City Council delays vote
Vote delayed on Historic District group residences
Daniel McDonald
The Union-Recorder
“I have never seen such a blatant disregard for community,” Martin Vazquez said, describing the mornings he leaves his house to find the remnants of last night’s party strewn across his yard.
One vocal opponent of the special use, Hunter McComb, said that the quality of life is being intruded upon by a number of things going on in the Historic District.
McComb also spoke about a story in the GCSU student newspaper, The Colonnade, concerning the special use in which SGA Senator Joel Graham was quoted as saying: “I would even fear a possible rise in vandalism cases due to the increased foot traffic to and from outlying apartment complexes.”
McComb said that maybe there was something he didn’t understand.
“I didn’t know that in a college town we didn’t have to respect the rule of law,” he said.
William McComb read a letter on behalf of Historic District resident Ray Olivier that pointed to recent issues of The Colonnade, which printed stories about the rampant theft of street signs on and around campus and a number of recent vehicle break-ins.
Sandra Jones said she represented the people who had given up on living in downtown because of the disruptive nature of the group
residences.
“Milledgeville dropped the ball in adequately planning for the college’s expansion,” she said. “We’re not going to have downtown grocery stores and movie theaters unless single families are there, and single families won’t move in unless we stop the encroachment of transients in the neighborhood.”
Milledgeville Historic Preservation Commission Chair John Alton told council that the root of the problem is the dismantling of single-family neighborhoods by allowing de facto multi-family residences in single-family-zoned districts.
But opponents peppered their criticism of the students with some encouragement.
Mary Moore Jones, a Historic District resident who works in the GCSU library said she didn’t want the students leaving the meeting thinking that the residents hated them.
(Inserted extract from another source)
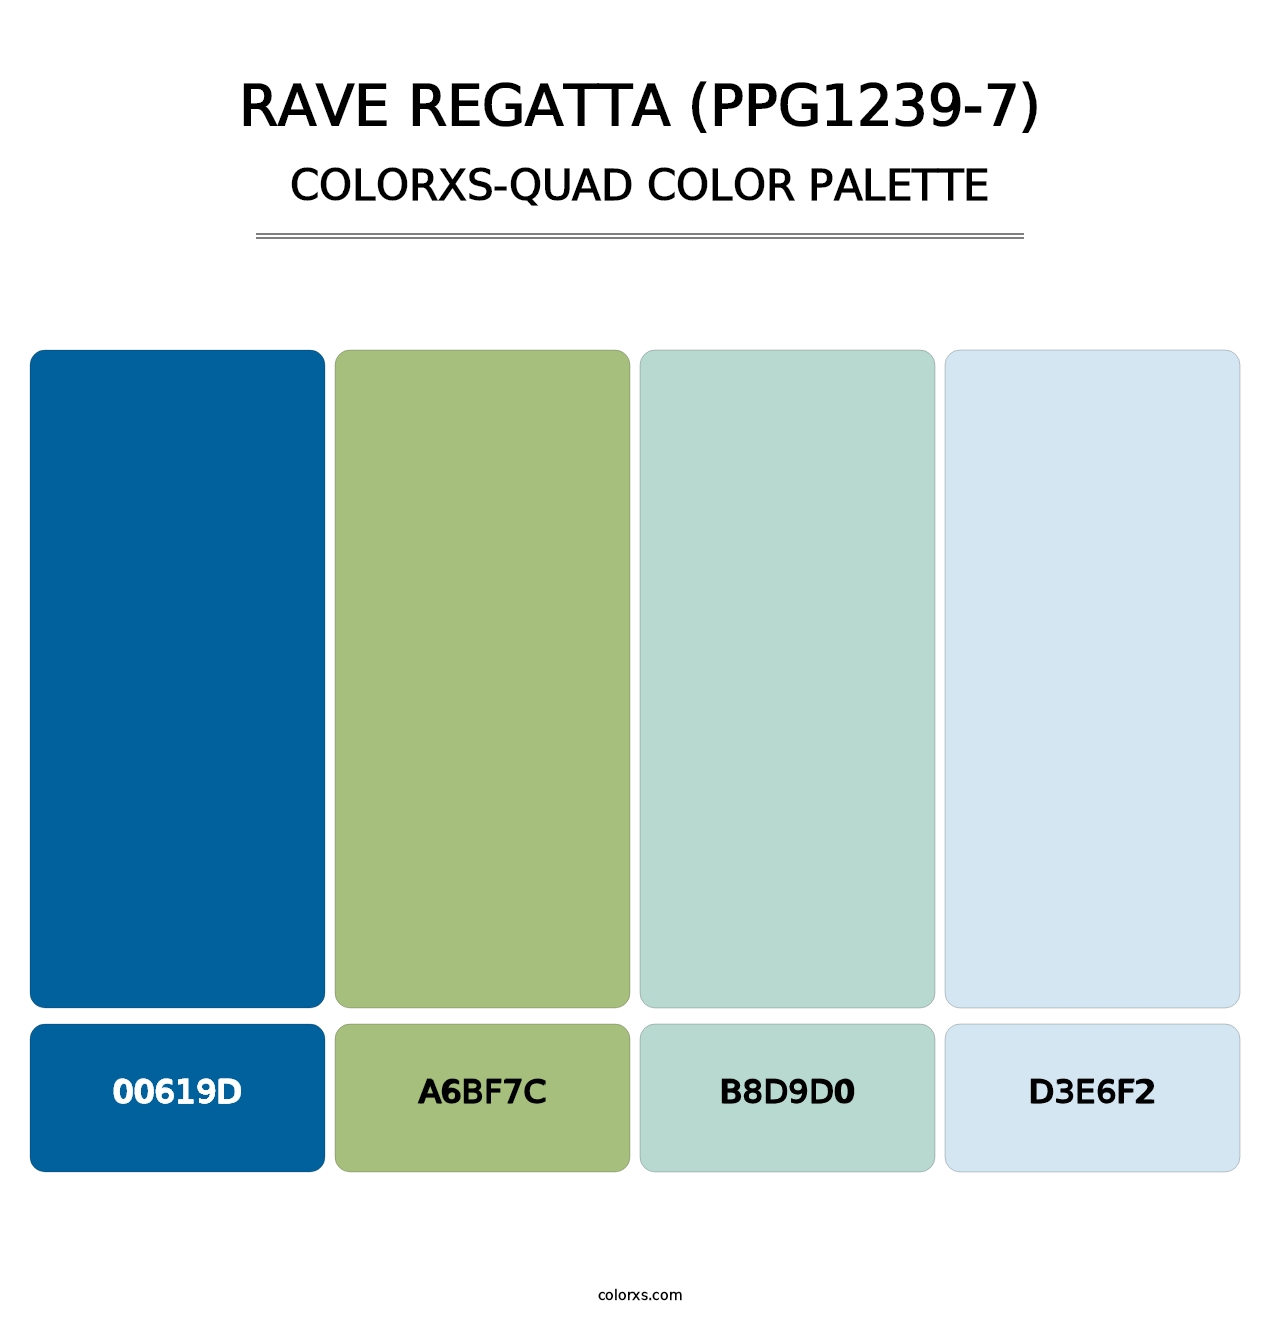 Rave Regatta (PPG1239-7) - Colorxs Quad Palette

She said she was depending on the students to among other things pay her Social Security, a benefit they won’t get to enjoy when they grow older.
With all the community input council could handle, District 6 Councilman Steve Chambers motioned that council disregard the Planning and Zoning Commission’s negative recommendation and approve the special-use designation as written. But silence took the place of a second, and the motion died for lack of action.
Despite Mayor Richard Bentley’s comment that Planning and Zoning’s recommendation stands, council is procedurally forced to take the issue up again at its next meeting Nov. 18.